The elucidation of Scottish prehistory has been seriously handicapped by an almost invariable wrecking of prehistoric structures and objects as they come to light (Ludovic McLellan Mann, Palace of History, 1911).
It has become a truism to say that prehistoric material culture has a biography that archaeologists and others continue to add chapters to even today once we have found them. And by the standards of your average assemblage, a series of Bronze Age pots found in a 19th century sand quarry just outside Coatbridge, North Lanarkshire, has an extraordinary and complex final chapter, and I suspect that the tale is not yet finished. These pots have become entangled with a whole series of people, places and events in the 161 years since their discovery. The modern story of these pots includes a stately home, an industrial heritage museum, a Carnegie library and the Scottish Exhibition of 1911, with a surprising connection to the Sighthill stone circle thrown in for good measure; and these were pots that came to the attention of one of the first lecturers in prehistory at the University of Glasgow as well as, of course, Ludovic McLellan Mann.
This remarkable journey is only part of the story, because 4000 years before these pots were plucked from a bizarre cemetery by quarrymen, they were laid in the ground with great ceremony, grave gifts and even containers for the dead. This cemetery may have lain hidden for ever if not for the Industrial Age’s desire for resources but once found, this assemblage would quickly fragment and disappear. This post was inspired by finding some of these pots in a very surprising location.
On a recent visit to the Summerlee Museum of Scottish Industrial Life, Coatbridge, I encountered probably the most explicitly urban prehistorical museum display I have ever seen. A grey-based museum display case, with four Bronze Age Food Vessels on pedestals (as well as a couple of random bronze axes) was a surprising discovery in a museum that celebrates North Lanarkshire’s amazing industrial heritage. The Food Vessels were filled with scraps of bones. But even more surprising was a big picture above the display that showed the location of where these pottery vessels were found. Because this is what the findspot looked like in 2008. It says so on the photo: ‘The bronze age burial urns and Food Vessels on display were discovered here’, written beneath the picture of a detached house and garden in Stewart Avenue in Bargeddie.
This is a strange display but it suggests an amazing and timeless connection between some of the ancient inhabitants of North Lanarkshire, and twentieth century middle class house dwellers in a suburb of Glasgow. No explanation is given of why this photo adorns the display, and little information accompanies the Food Vessels either. A simple notice reads:
Food Vessels. Excavated in 1852 from the Bronze Age burial site near Drumpellier. 11 stone coffins were found, each containing fragments of human bone and a ceramic pot containing a brown dust residue. Approximately 4000 years old.

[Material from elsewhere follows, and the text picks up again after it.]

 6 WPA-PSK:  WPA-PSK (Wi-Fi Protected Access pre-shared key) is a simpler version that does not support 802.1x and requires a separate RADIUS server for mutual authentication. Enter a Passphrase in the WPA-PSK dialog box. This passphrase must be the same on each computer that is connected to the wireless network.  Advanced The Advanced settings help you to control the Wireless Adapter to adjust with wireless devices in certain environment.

This begs more questions than it answers. How did the four Food Vessels get here? Was the bone (which did not look cremated) in the pots genuine? What on earth was that brown dust? And what does all of this have to do with a modern house and street? Perhaps it as simple as this: the pots were literally found in the location beneath this house, and so are now displayed metaphorically beneath it.

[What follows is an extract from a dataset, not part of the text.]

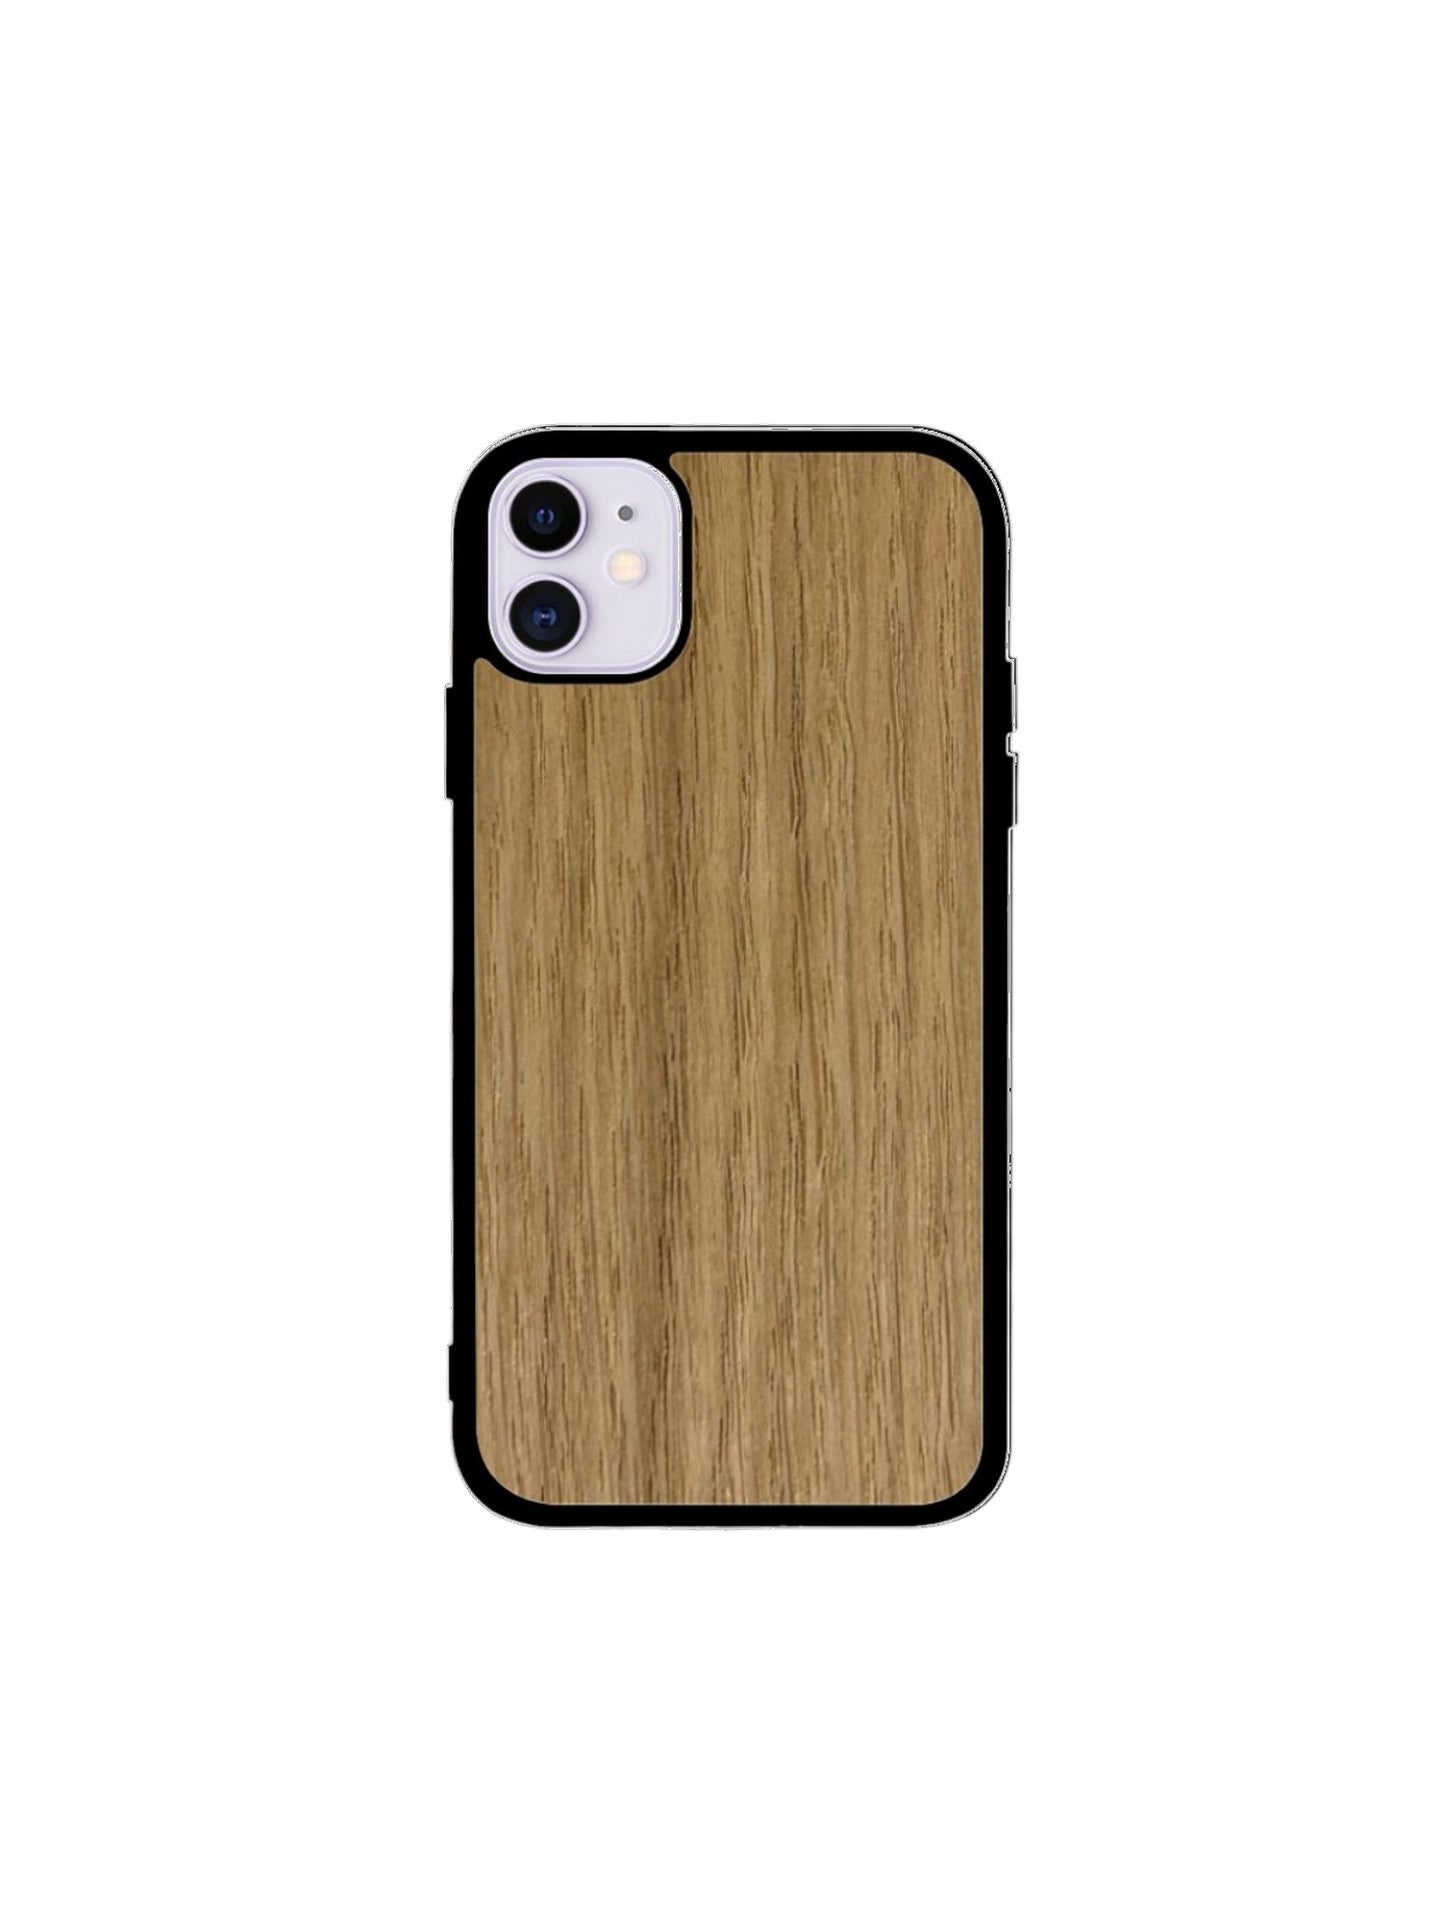 Iphone case - The simple

To make sense of this discovery we have to go back to the (modern) beginning, to the moment of discovery. Thankfully we have a fairly full description recorded by Andrew Miller in his book The rise and progress of Coatbridge and surrounding neighbourhood (1864), published just twelve years after the discovery was made. Miller recounts a typical discovery of the time (and I have previously blogged on similar discoveries at Ferniegair and Townhead): during sand quarrying in Spring 1852, under the orders of a Colonel Buchanan, some men ‘came upon a stone coffin. After a few days they came upon another, and another, until they numbered eleven’. This series of shocking revelations must have held up the quarrying to some extent, but not before some kind of attempt was made to record the arrangement of the burials and their contents, although by whom is not clear.
The discovery – multiple stone cists, pots, human bones – was not in itself unusual. But the arrangement of the burials sounds to me just plain weird (highlighted by my sketch above). Miller describes the remarkable and developing story:
‘Nine of the coffins were lying in a circle, the feet towards the centre, and about five yards apart. They were so exactly lying in this order, that the men, after coming on the first two, could calculate when they would reach the next, and so on.’

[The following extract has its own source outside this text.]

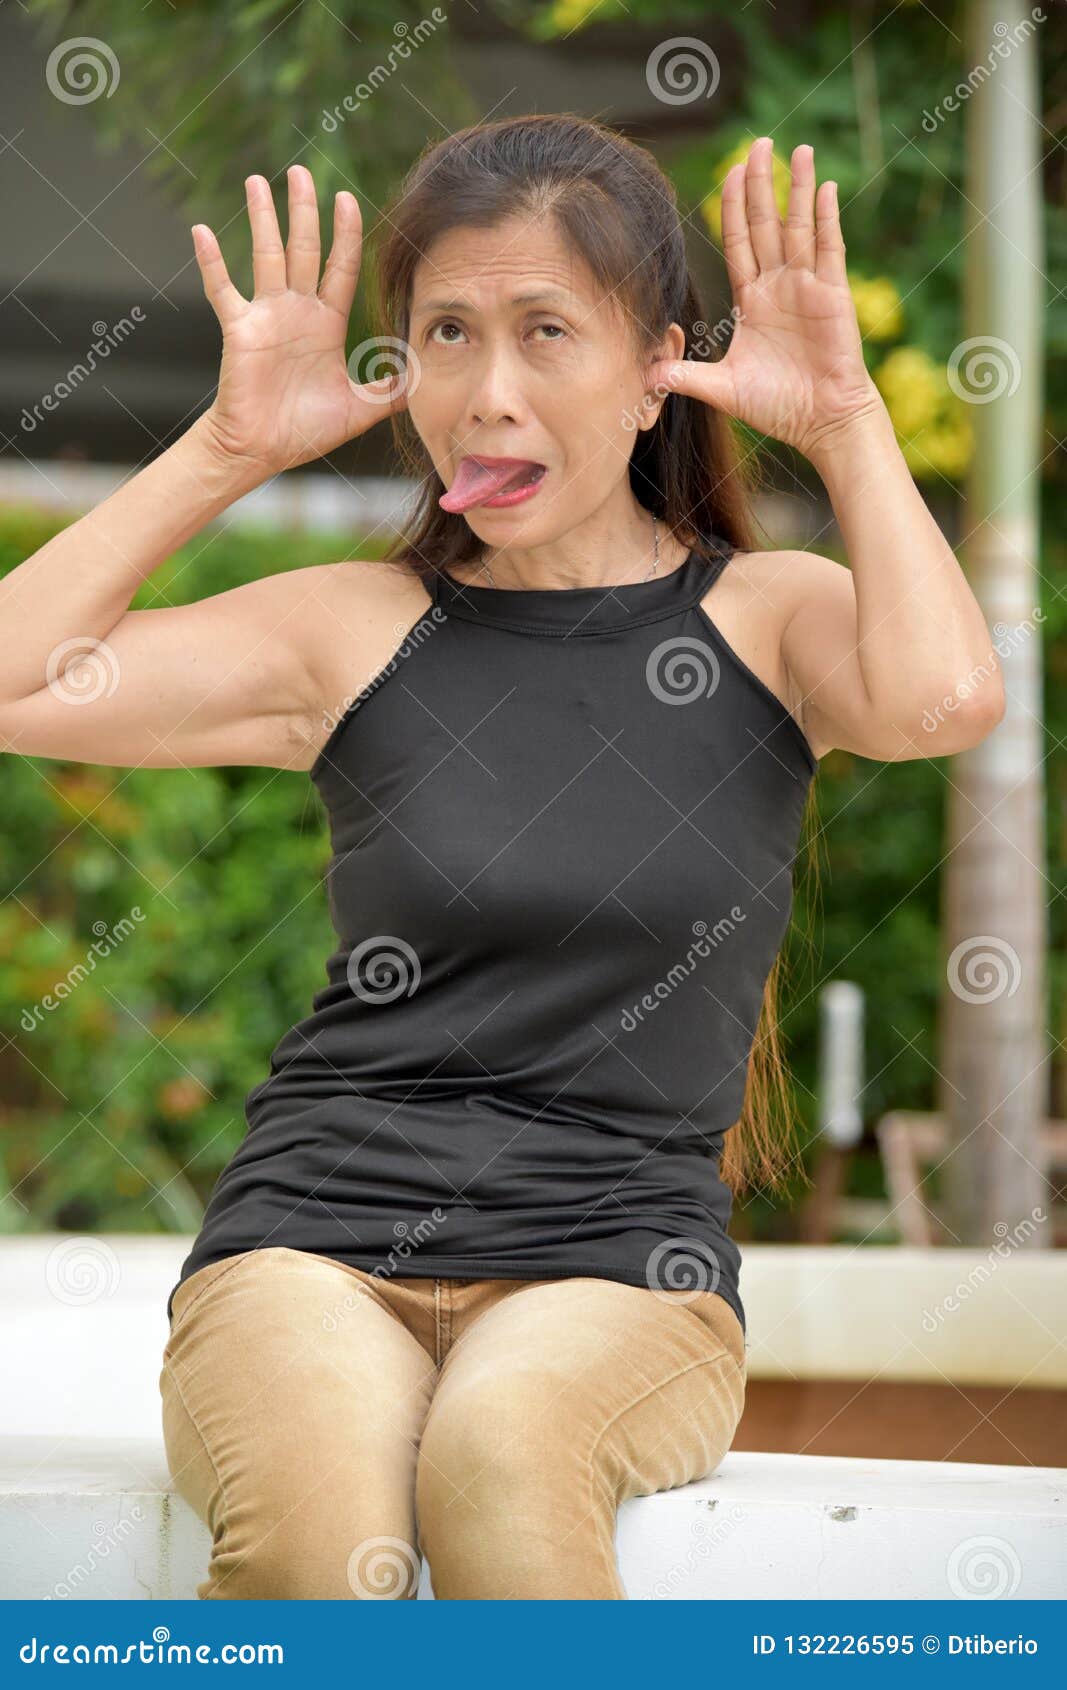 Filipina Adult Female Making Funny Faces Stock Image picture picture

The cists were laid inside a deep circular depression, perhaps a subterranean burial place that was once covered by a mound. Miller notes that within this circular trench, nine of the bodies had been laid to rest in ‘coffins mathematically arranged’ (although the size of these cists is never stated). Two further ‘satellite’ burials were also found nearby, as well as some urns containing cremated bone, suggesting multiple phases of burial activity associated with different forms of mortuary rites. The cists mostly all contained one pot at the ‘head end’ of the burial, some scattered human bones, and ‘a little brown dust’ in some urns (maybe human remnants or some kind of organic residue related to what the pots contained when they were laid in the graves).
Within the centre of this very strange circular arrangement were found ‘two barrowloads of charred bones’. Human bone identified at the time was thought to be from adult males only, reflecting the demographic of the men who found the burials in the quarry.
What happened to these pots next, a fine assemblage of Food Vessels and much larger cinerary urns? The quarrymen, according to Miller, took some of the pots to nearby Drumpellier House – it seems likely that these were some of the ‘urns’ identified by Miller (rather than the smaller Food Vessels now at Summerlee). What happened to these urns is unknown. JM Davidson wrote, in a short piece about another Bronze Age cist found nearby in 1961, that he had contacted the (un-named) widow of Lt Col Arthur Buchanan a few decades previously asking about these urns. ‘She informed me that while at Drumpellier she had often tried to locate these vessels but without success.’ Drumpellier House was owned by the Buchanan family, with the estate and house funded from a tobacco merchant fortune acquired in the 18th century.
Thus was the assemblage fragmented and distributed, probably between landowners and wealthy men who were able to, should they wish, admire the crude pots while enjoying an after dinner cigar and brandy, and in the end break or lose them at their leisure.
Yet at least some of the pots from the Drumpellier discovery found their way into the public domain, through exhibitions and local education establishments as we shall see.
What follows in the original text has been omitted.